Sus palabras parecieron provocar precisamente lo que trataban de evitar. La niña cayó de nuevo al suelo y esta vez se quedó inmóvil y empezó a llorar. La monja corrió dando la vuelta al claustro, arrastrando el hábito tras ella. Al llegar junto a la niña se detuvo y empezó a reprenderla. No estaba, desde luego, acostumbrada a tratar con niños. Me acerqué decidida, me arrodillé, abracé a aquella criaturita y me la puse en el regazo como había hecho tantas veces con mi hermana Geneviéve.
– Pobrecita mía -dije, dándole palmaditas en los brazos y las rodillas y sacudiéndole el vestidito-. Pobrecita, te has hecho daño. ¿Dónde te duele? ¿Las manos? ¿Las rodillas?
La niña seguía llorando, de manera que la abracé con fuerza y la acuné hasta que se calló. La monja siguió riñéndola, aunque, por supuesto, la pequeña apenas entendía una sola palabra.
– Has hecho una tontería muy grande corriendo tan deprisa. No te habría sucedido nada si me hubieras obedecido la primera vez. Durante el rezo de sexta harás penitencia de rodillas.
Resoplé ante la idea de que una niña tan pequeña rezara pidiendo perdón. Apenas era capaz de decir «mamá» y mucho menos aún «Padre nuestro, que estás en los cielos…». A Geneviéve no la llevamos a misa hasta que cumplió tres años e incluso entonces era una criatura ruidosa que no se estaba quieta un momento. Aquella niñita no parecía tener mucho más de un año. Era como una muñequita acurrucada en mi regazo.

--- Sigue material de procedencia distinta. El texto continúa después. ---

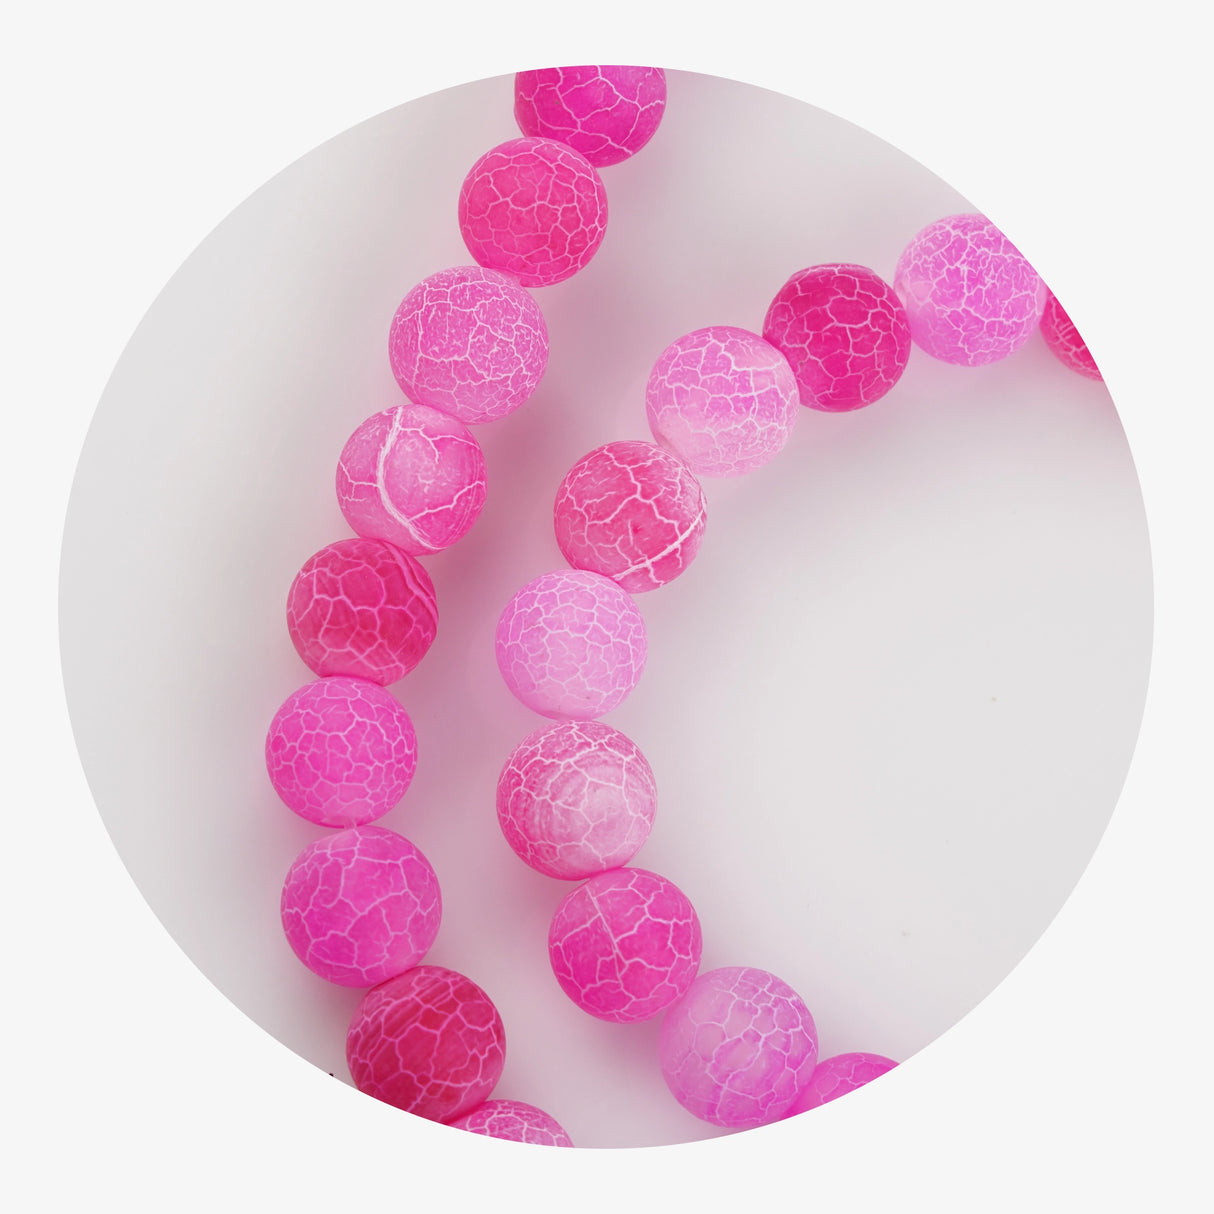 Stone String Beads - Pink 2 Tone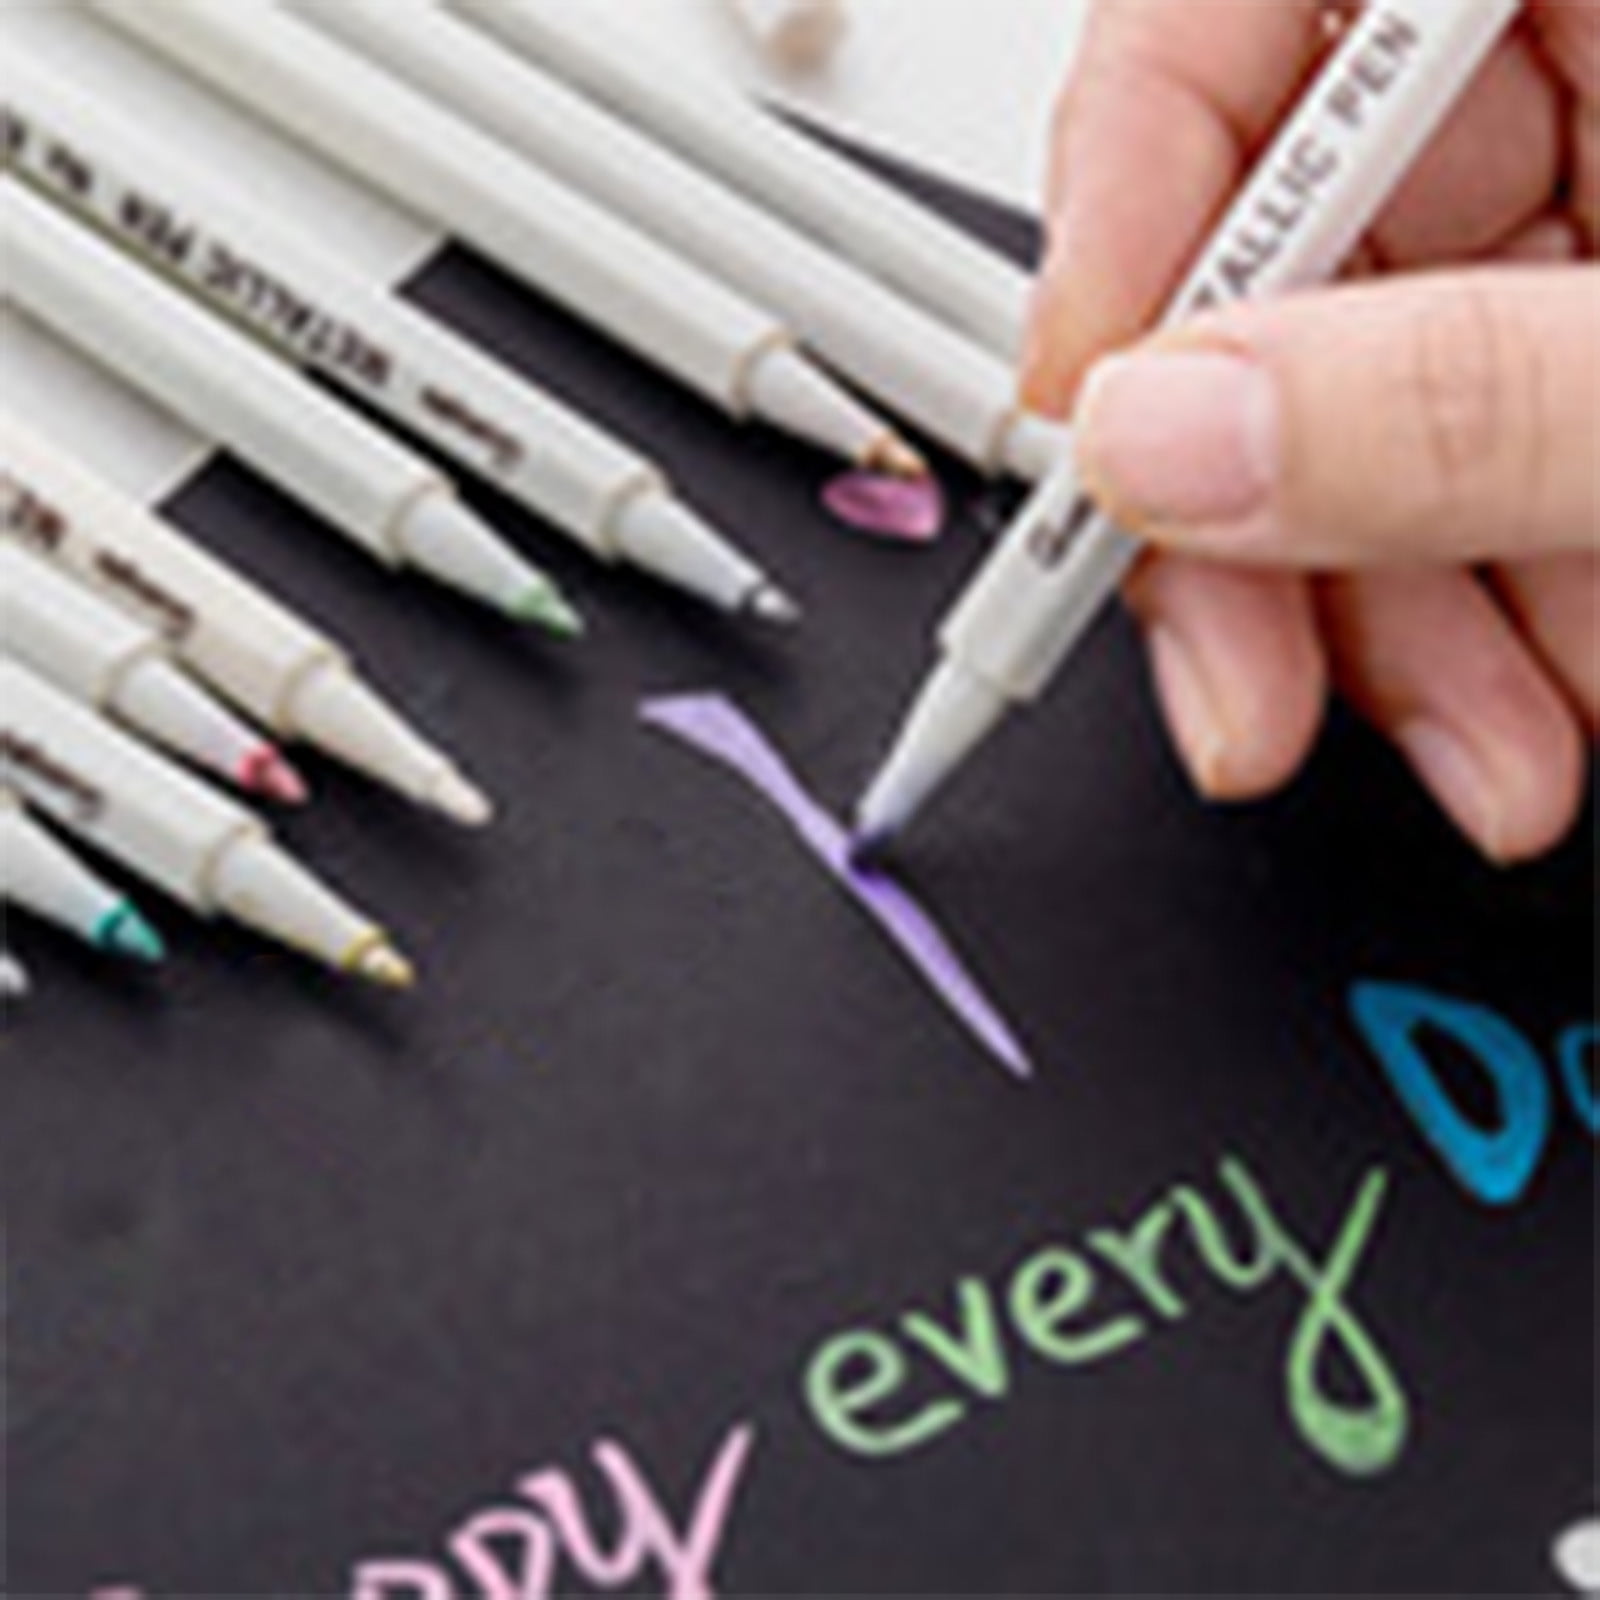 10 Colors Metallic Marker Pens Paint Markers For Black Paper, Rock  Painting, Scrapbooking Crafts, Card Making, Ceramics, DIY Photo Album,  Ceramic, Gla

– ¿Te arrepientes ahora, Claude? ¿Te arrepientes?
Miré ferozmente a la monja.
– Habéis de llamarme mademoiselle. Y no tengo nada de que arrepentirme: ¡no he hecho nada malo, diga lo que diga mi madre! Es insultante que me digáis una cosa así. Se lo contaré a la abadesa.
La niñita empezó a llorar de nuevo al advertir la indignación en mi voz.
– Callandito, callandito -susurré, dando la espalda a la monja-. Callandito.
Y empecé a cantar una canción que me había enseñado Marie-Céleste.
Soy alegre
dulce, agradable,
una doncellita muy joven,
de menos de quince abriles.
Mis pechitos
florecen como es debido.
Debería estar aprendiendo
el amor
y sus caminos,
pero me tienen
presa.
¡Maldiga Dios a quien
aquí me trajo!
La monja trató de decir algo, pero canté con más fuerza, meciendo a la niñita.
Ha sido maldad, vileza y pecado
encerrar a esta doncellita
en un convento.
Claro que sí,
palabra de honor.
En el convento
vivo apesadumbrada,
Dios mío, porque soy muy joven.
Siento las primeras dulces punzadas
por debajo del cinturón.
¡Maldito sea el que me hizo monja!
La niñita había dejado de llorar y hacía ruiditos o se sorbía la nariz, como si también estuviera tratando de cantar aunque sin conocer la letra. Era múy agradable acunar a la pequeña y cantar desvergüenzas que la monja pudiera oír. La canción, además, podría haberse escrito para mí.
Oí pasos detrás de nosotras y supe que eran de Béatrice, mi carcelera, tan odiosa como las monjas.
– ¡No cantéis esa canción! -susurró.
No le hice ningún caso.
– ¿Quieres volver a correr? -le pregunté a la niñita-. ¿Corremos juntas? Ven, vamos a dar la vuelta a todo el claustro lo más deprisa que podamos.